A highlight of the exhibition is the inclusion of three paintings from Jess's Translation series. The Translations are a group of 32 paintings made between 1959 and 1976, with most of the 32 now in major museum collections. Each translation begins with an existing black and white image. Thickly painted, these works faithfully re-represent the black and white image translated into color. The subject of each painting is pulled from one of Jess's wide ranging sources. The three paintings in the current exhibition are (1) Mort And Marge: Translation #26 composed of a poem by Lewis Caroll, illustrated by A.B. Frost, (2) Piling Up The Rectangles: Translation #27 comes from a book on the Chinese interpretation of the Pythagorean Theorem and (3) Crossing And Recrossing The Heart: Translation #28 is a pictograph from a study of Aztec mythology. In 1974, the complete Translation series, up to that date, were shown at The Museum of Modern Art, New York in a solo exhibition.

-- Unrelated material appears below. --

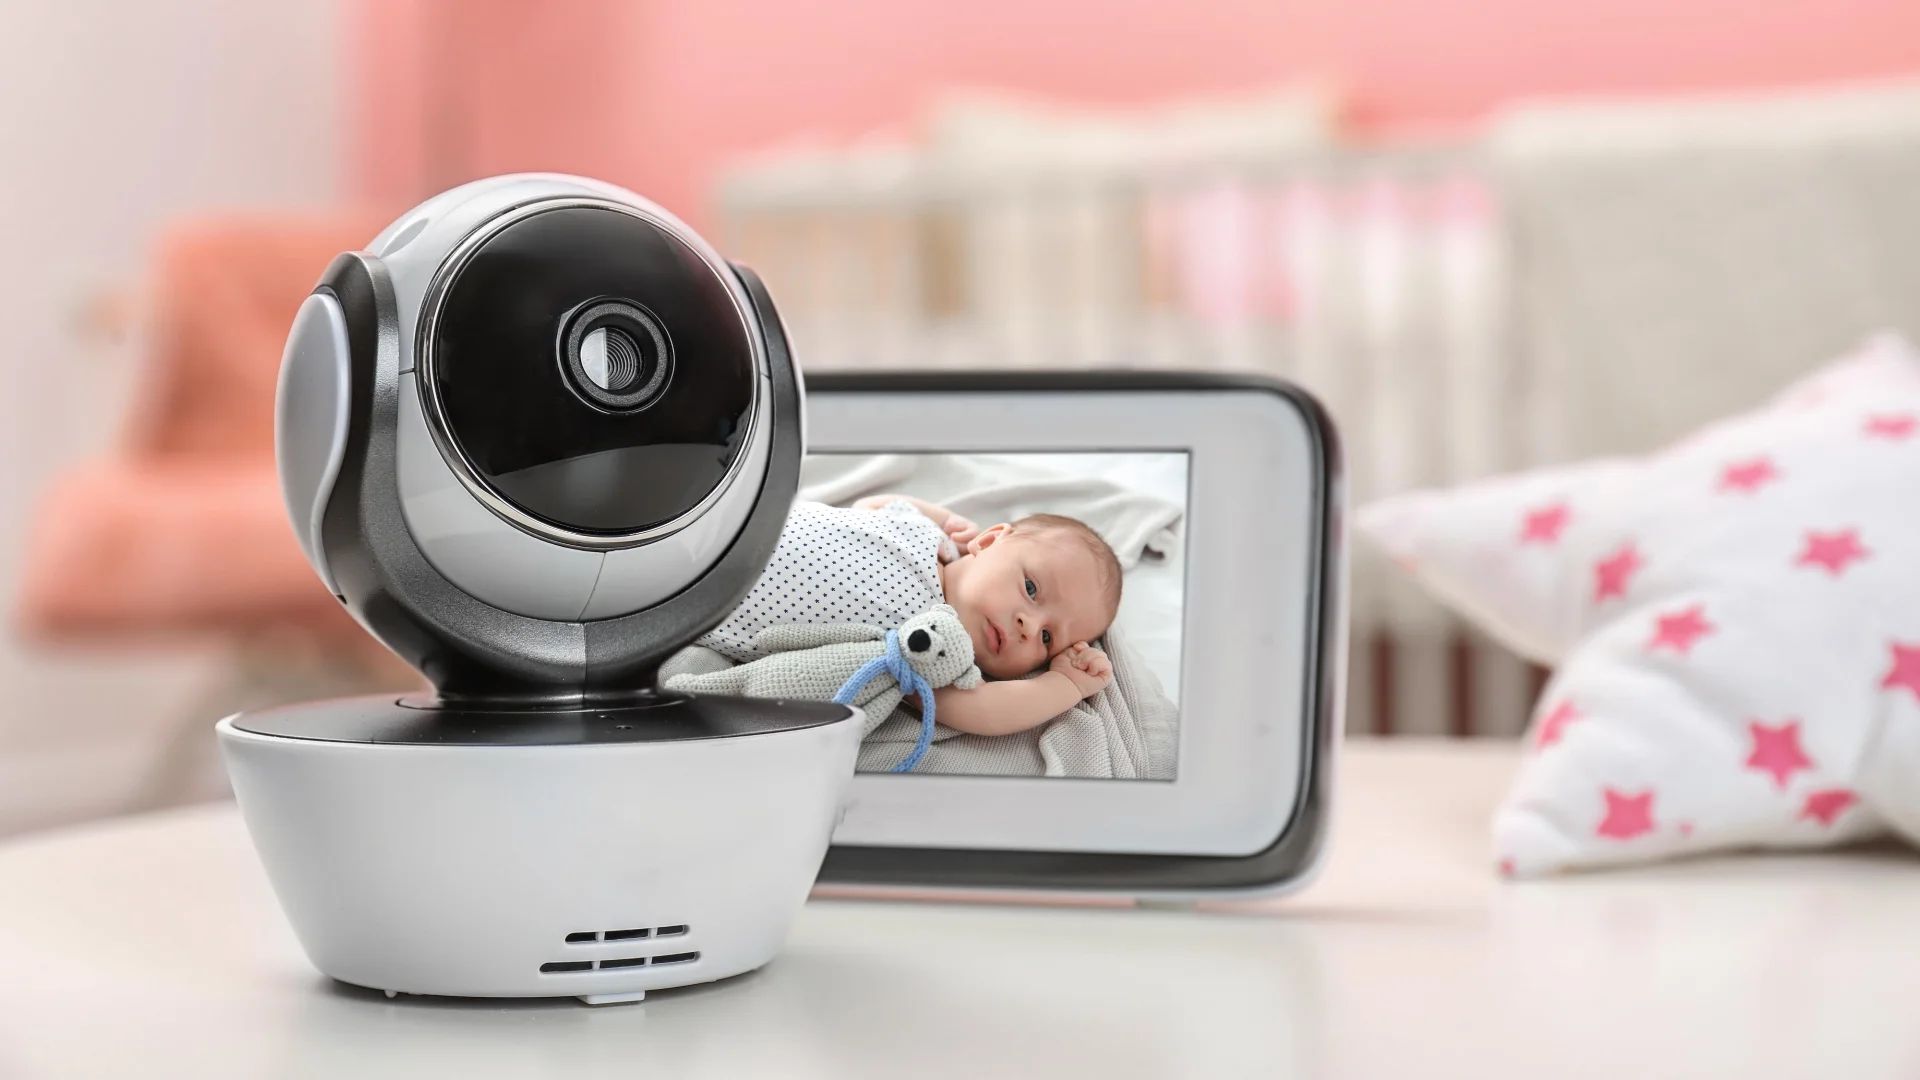 What Does Vox Mean on Baby Monitor

Jess (1923-2004), born Burgess Collins in Long Beach, California, initially studied chemistry at the California Institute of Technology. He spent three years in the army at the Atomic Energy Laboratory, and had a small part in the Manhattan Project developing the first atom bomb. Following the war, while working again with atomic energy, he became disillusioned with science after having a nightmare about the world destroying itself, and instead turned to art. Jess studied painting at the California School of Fine Arts (now the San Francisco Art Institute). His teachers included some of the most influential West Coast painters of the period, including David Park, Elmer Bischoff, and Clyfford Still. During this time, Jess met poet Robert Duncan, who would become his lifelong partner and frequent collaborator.


Jess and Robert Duncan lived together in the Mission District of San Francisco for over thirty years – their house was filled with a vast and incredible range of visual and literary culture, including Gnostic texts, Greek poetry, volumes of Scientific American, Harper's Bazaar, and Life magazines, as well as first and early editions of The Wonderful Wizard of Oz, and Alice's Adventures in Wonderland. Duncan said of their home, "you can't take a piss in this house without getting hit with a myth." Jess and Duncan were an influential force in the San Francisco artistic community, who brought together painters and poets and organized exhibitions and readings.

Jess was recently the focus of the exhibition Mythos, Psyche, Eros – Jess in California at the San Francisco Museum of Modern Art in 2019, curated by Nancy Lim and Solomon Adler. Other major exhibitions are the 1993 traveling retrospective A Grand Collage, organized by Michael Auping at what was then known as the Albright-Knox Art Gallery, in 2013 the exhibition An Opening of the Field: Jess, Robert Duncan and Their Circle, was presented at the Grey Art Gallery, curated by Michael Duncan and Christopher Wagstaff, it showcased the art of Jess and Duncan and fellow visual artists they associated witih and the 2007 exhibition focused on Jess's collaborations with poets and writers, To and From the Printed Page, curated by Ingrid Schaffner for ICI International. Jess is in the collection of most major museums including The Metropolitan Museum of Art, The Museum of Modern Art, New York, The Art Institute of Chicago, and the Detroit Institute of Art among many others.